REQUIRED WORK:
Omit every picture and return the rest of the data unaltered.

STORED DATA:

● ● ● ● ●

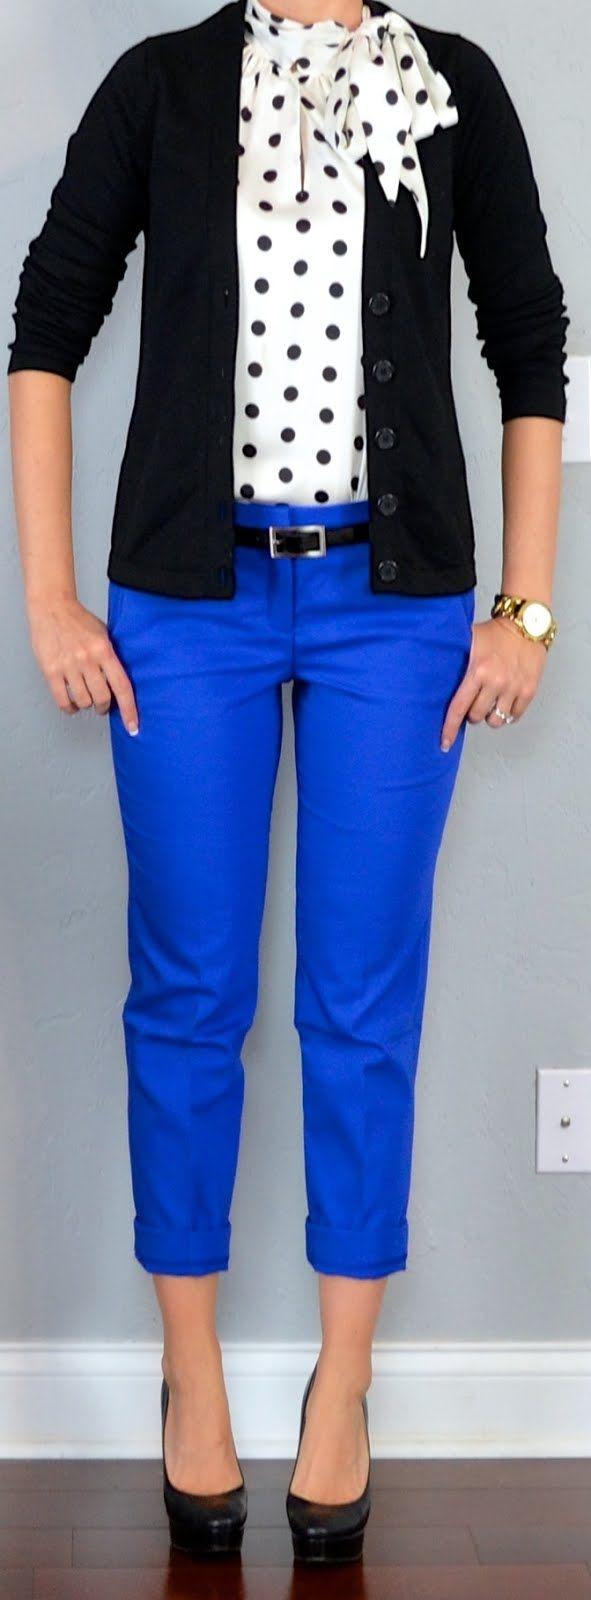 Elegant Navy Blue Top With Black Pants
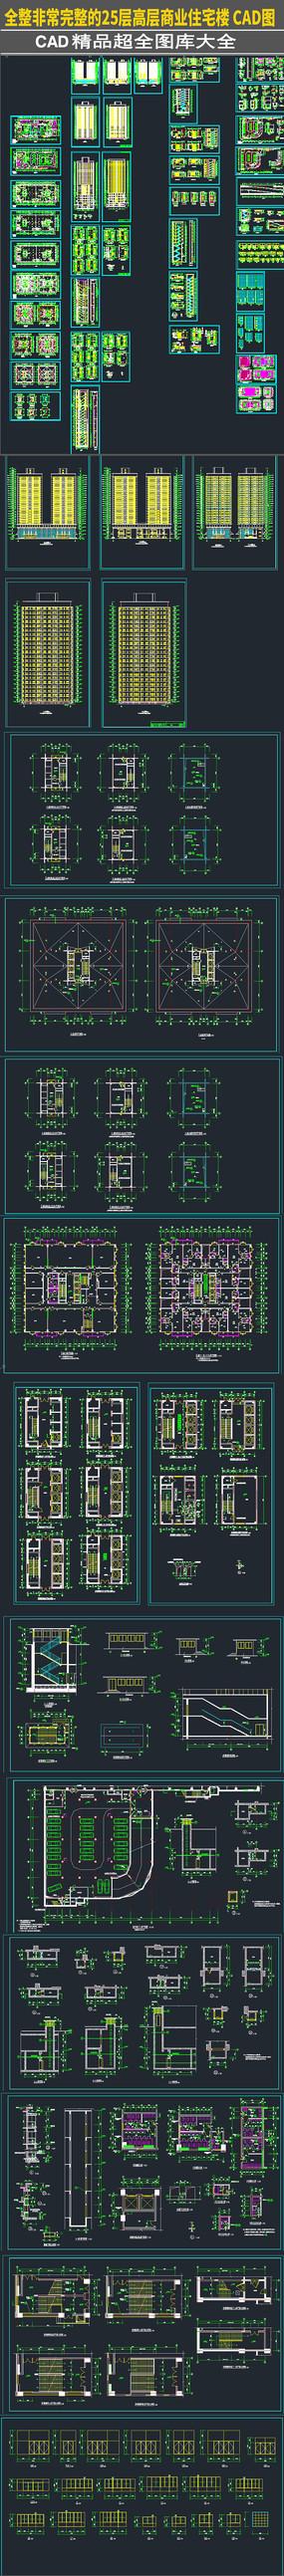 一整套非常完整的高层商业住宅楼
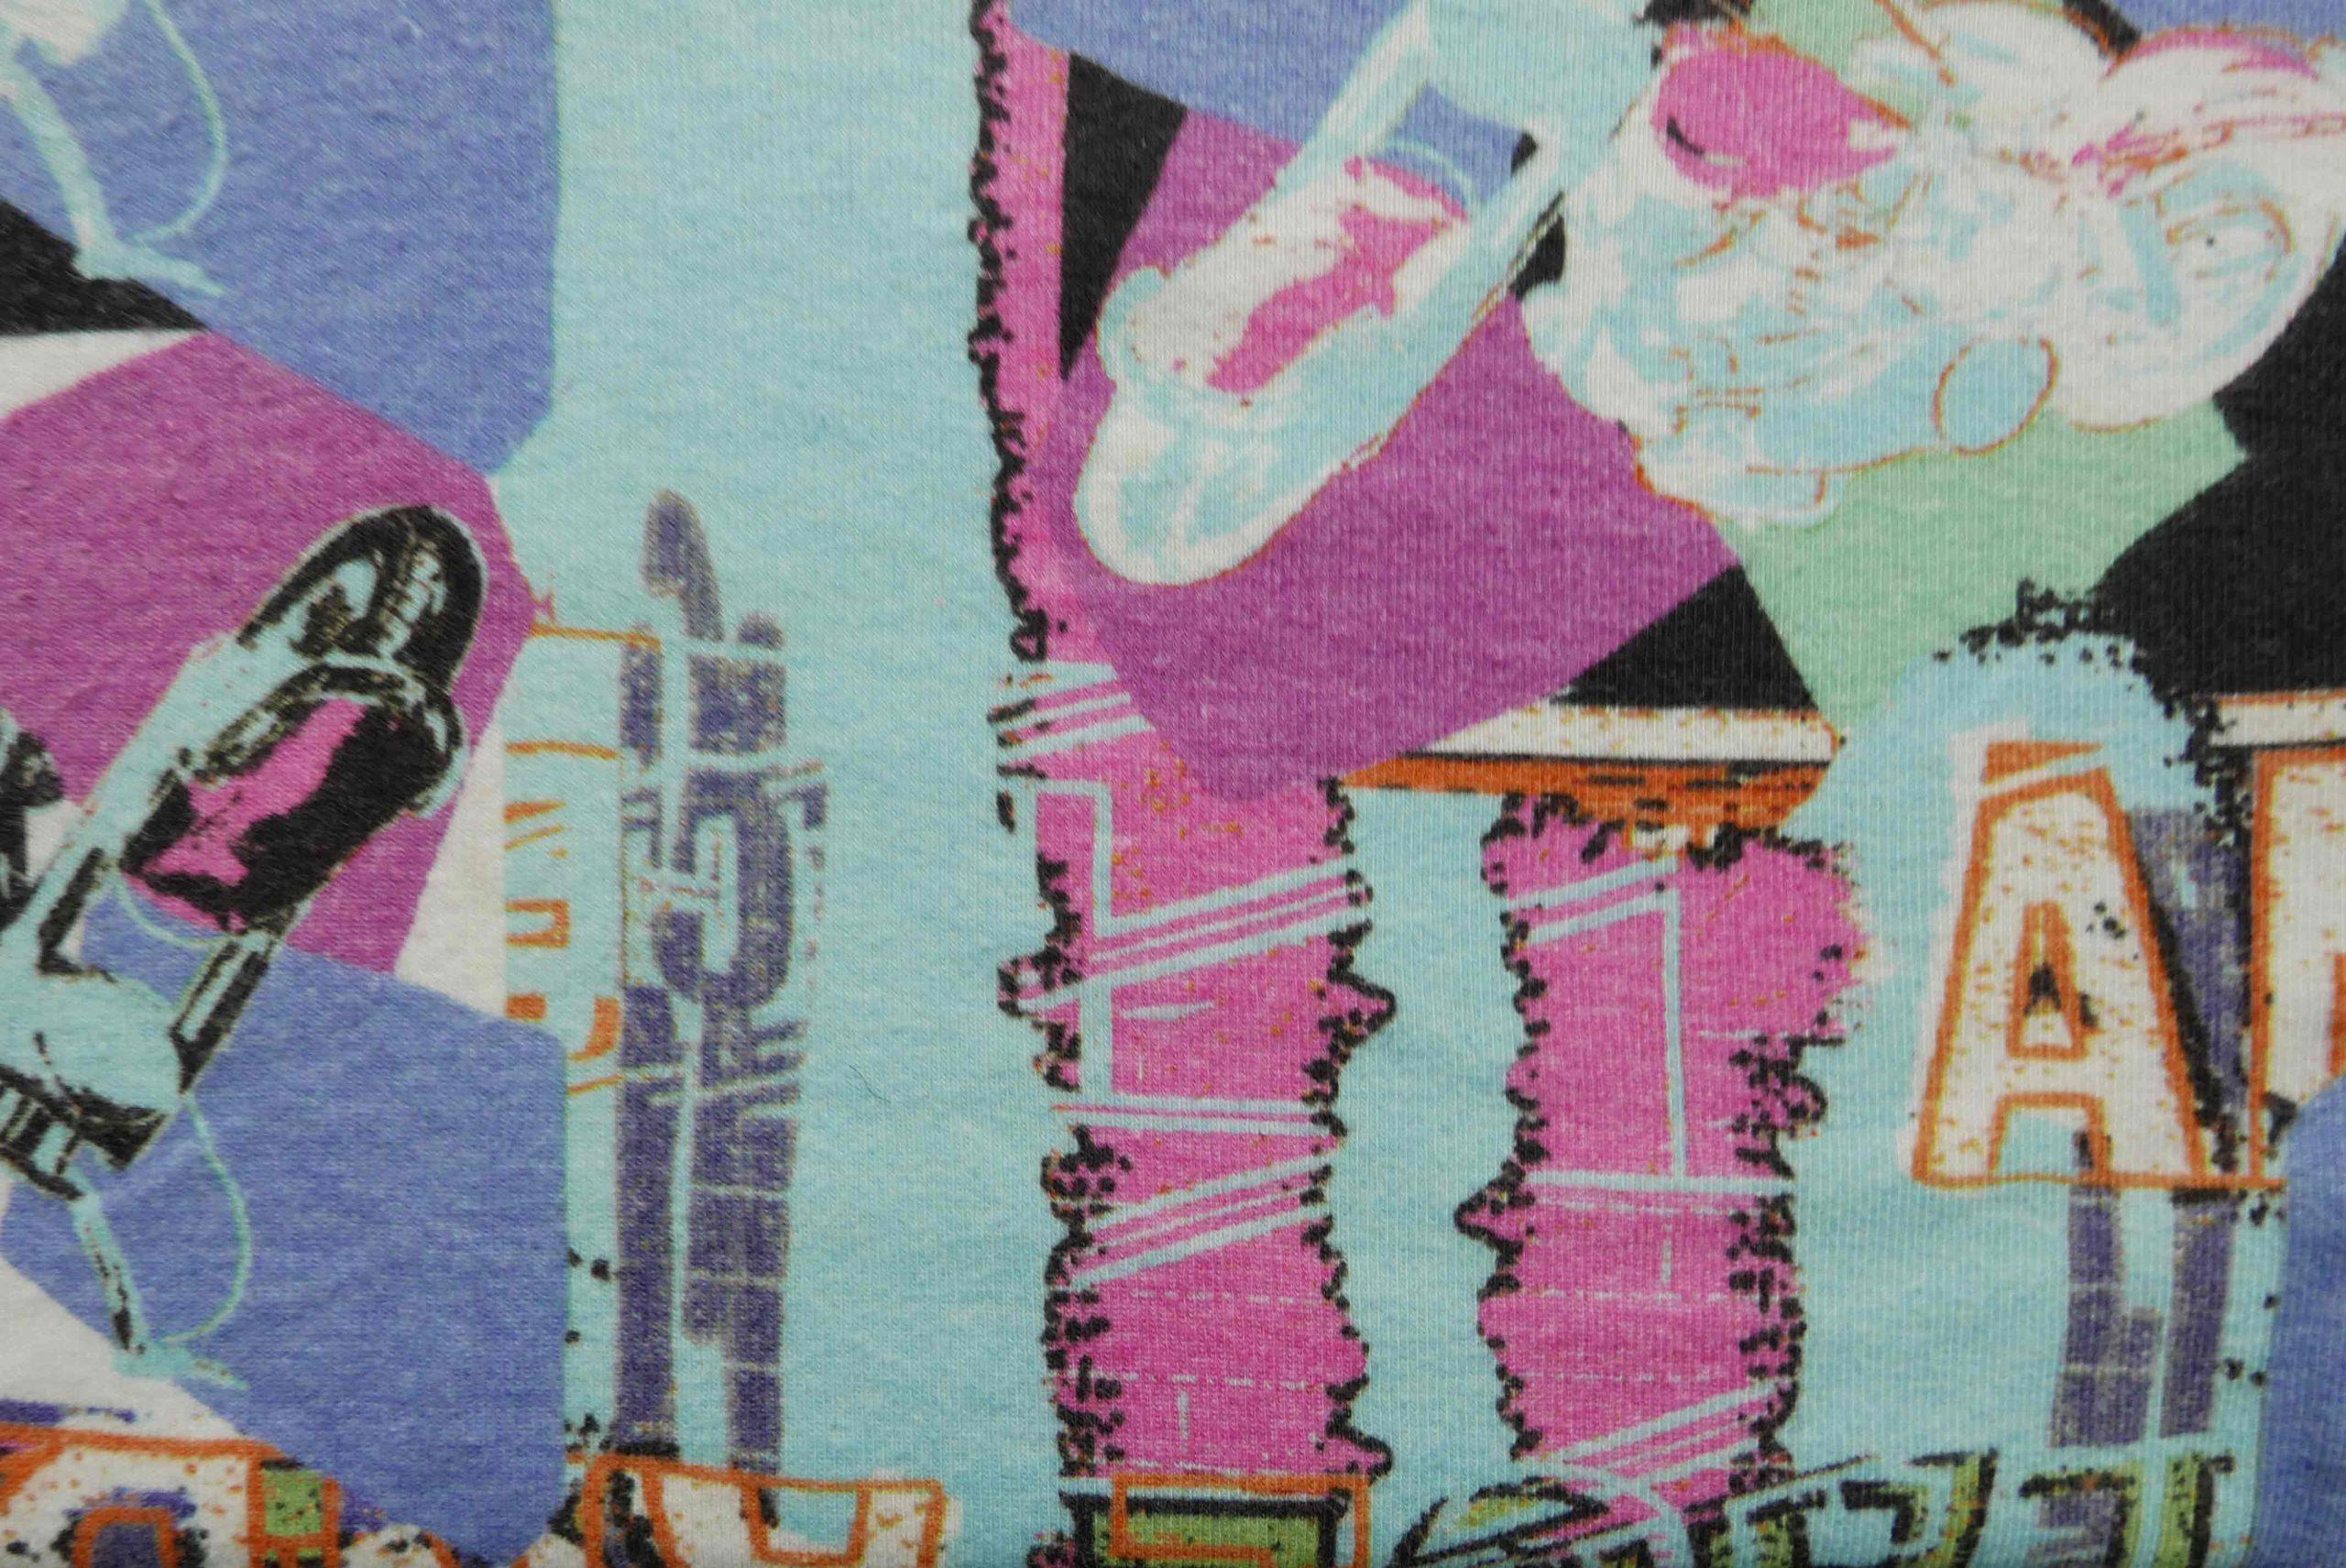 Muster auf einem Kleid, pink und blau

● ● ● ● ●

RESULT BELOW:
 Elegant Navy Blue Top With Black Pants
 一整套非常完整的高层商业住宅楼
 Muster auf einem Kleid, pink und blau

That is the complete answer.